Each test names its invariant; when one fails you immediately know which physical assumption broke.

Pre-commit + CI#

The repo runs pre-commit hooks on every commit (ruff, trailing whitespace, end-of-file fixers, large-file check, etc.). CI runs the full test matrix on every PR:

  • Tests workflow — unit + interop + element-kernel + cross-solver harness.
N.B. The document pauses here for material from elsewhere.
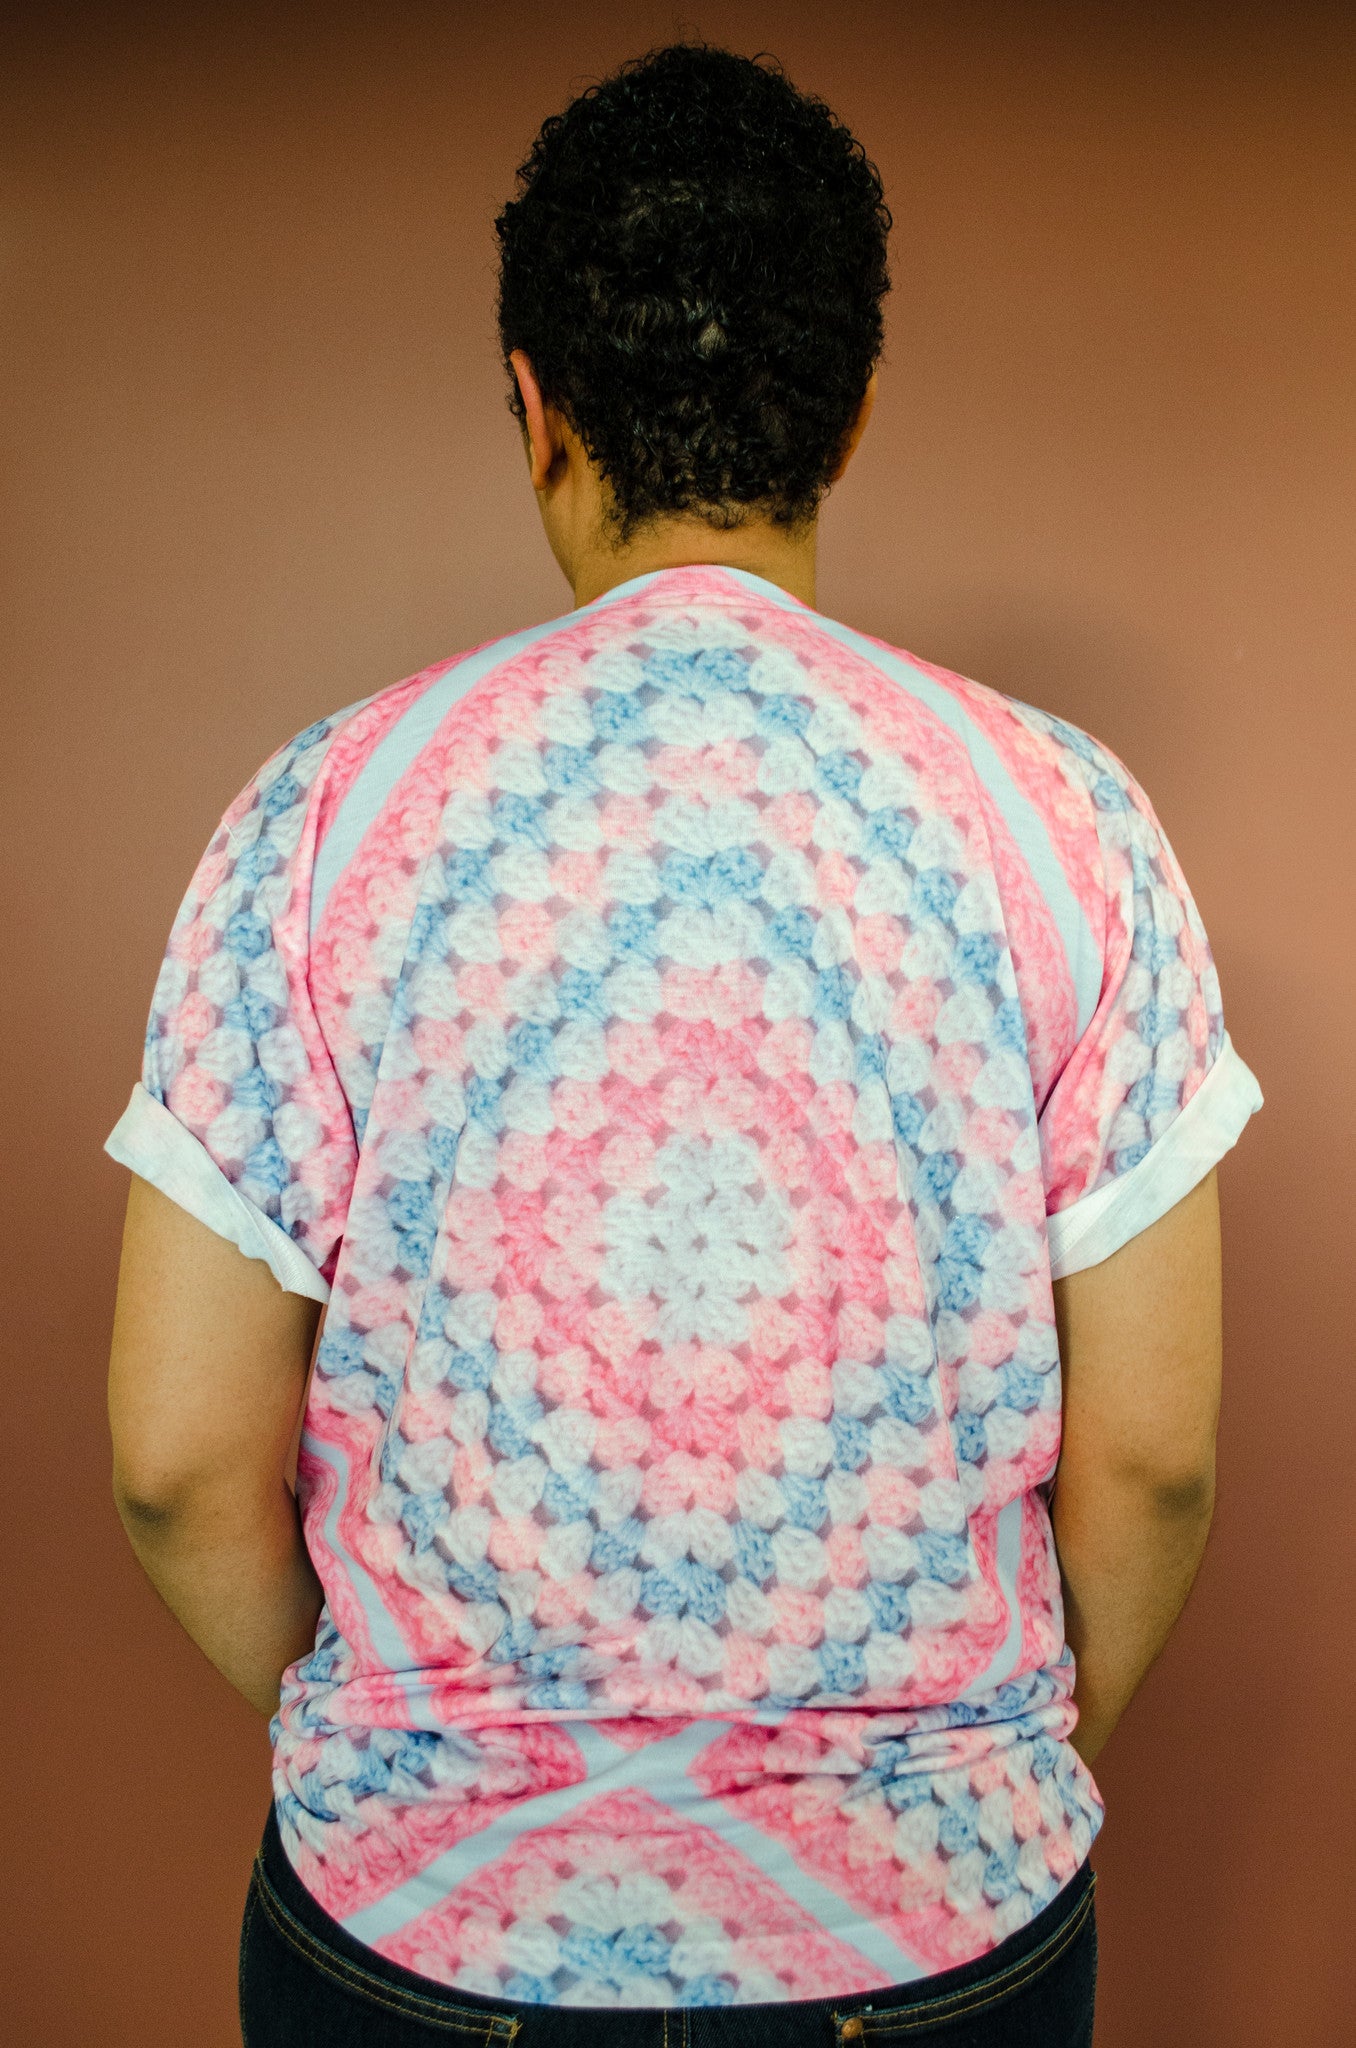 Snapdragon Brand Clothing Granny Square Crochet Print pink and blue t-shirt in style Cotton Candy features a Melanie Martinez boho feel and a pastel rainbow of colors. Made of comfortable polyester.
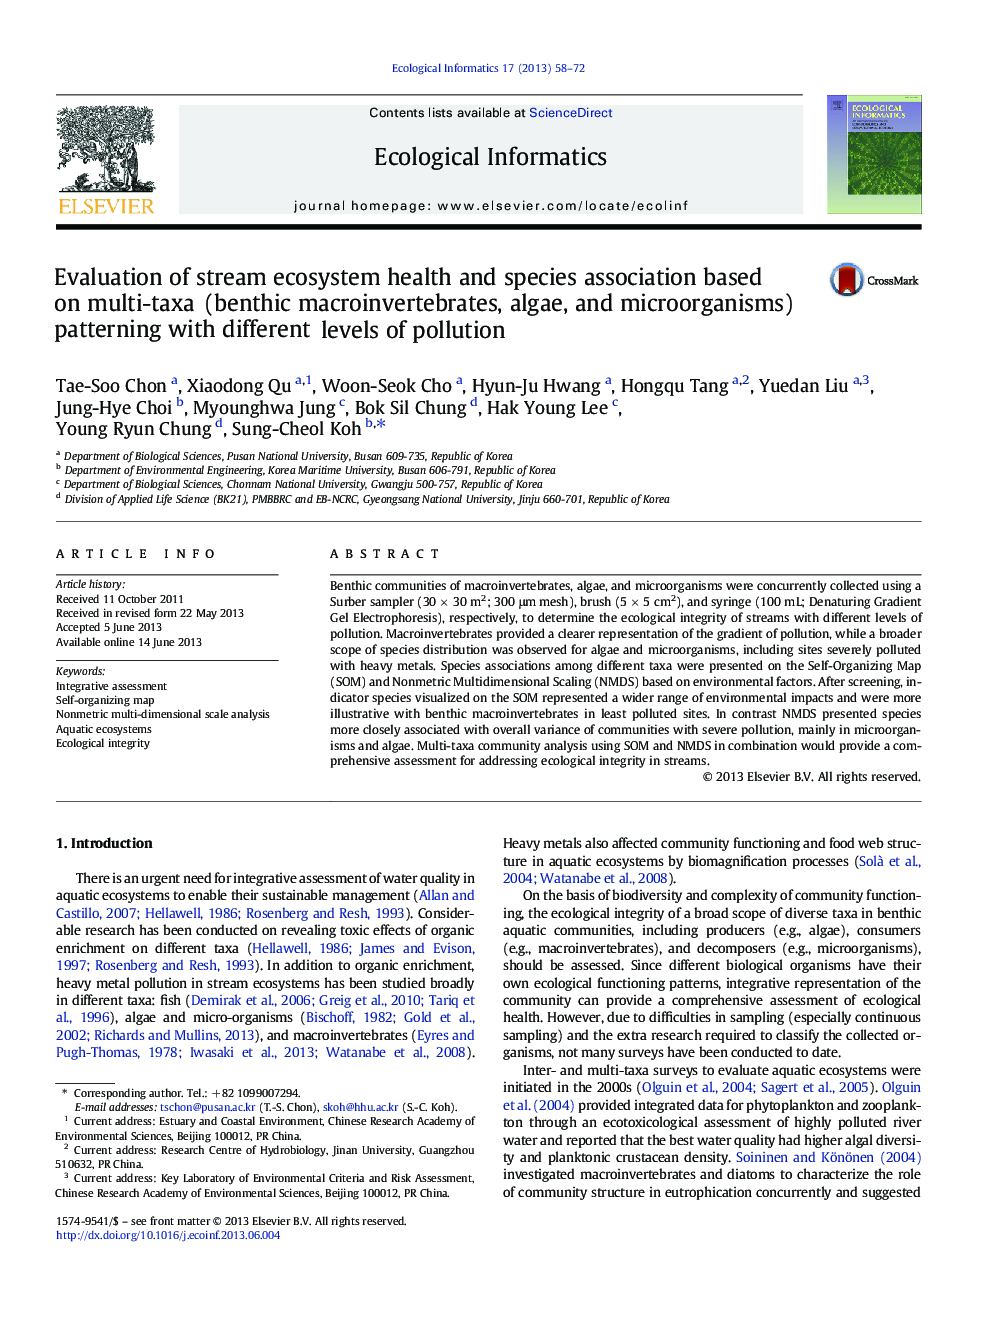 Evaluation of stream ecosystem health and species association based on multi-taxa (benthic macroinvertebrates, algae, and microorganisms) patterning with different levels of pollution

Pytest under -n auto (xdist) for parallelism.

  • docs workflow — Sphinx build with strict mode (warnings as errors) + linkcheck.

  • Verification manual tests workflow (since #538) — split out so the cross-solver harness has its own status check.

  • Auto-update PRs behind main workflow — keeps green PRs current with main; see .github/workflows/auto-update-prs.yml (a ci_and_merge page is planned for this section).

When a CI step fails:

  • Reproduce locally. pytest tests/<failing-path> -v.

  • Diagnose the failure on its own merits — never just retry CI.

  • If the failure is platform-specific, raise it on the CI workflow rather than skipif-masking the test.

Performance baselines#

The repo carries a running performance log at PERFORMANCE.md plus detailed snapshots under perf/. When you add or change a hot path:

  • Drop a perf/snapshots/<short-name>.md capturing before/after.

  • Update perf/latest_<area>.md if the change moves a tracked metric.

  • Add a comparison plot to perf/trend/ if the change is large enough to warrant a series.

These files are markdown-by-design (machine-greppable; Sphinx-tree incompatible) and live outside doc/source/. See perf/README.md for the full layout.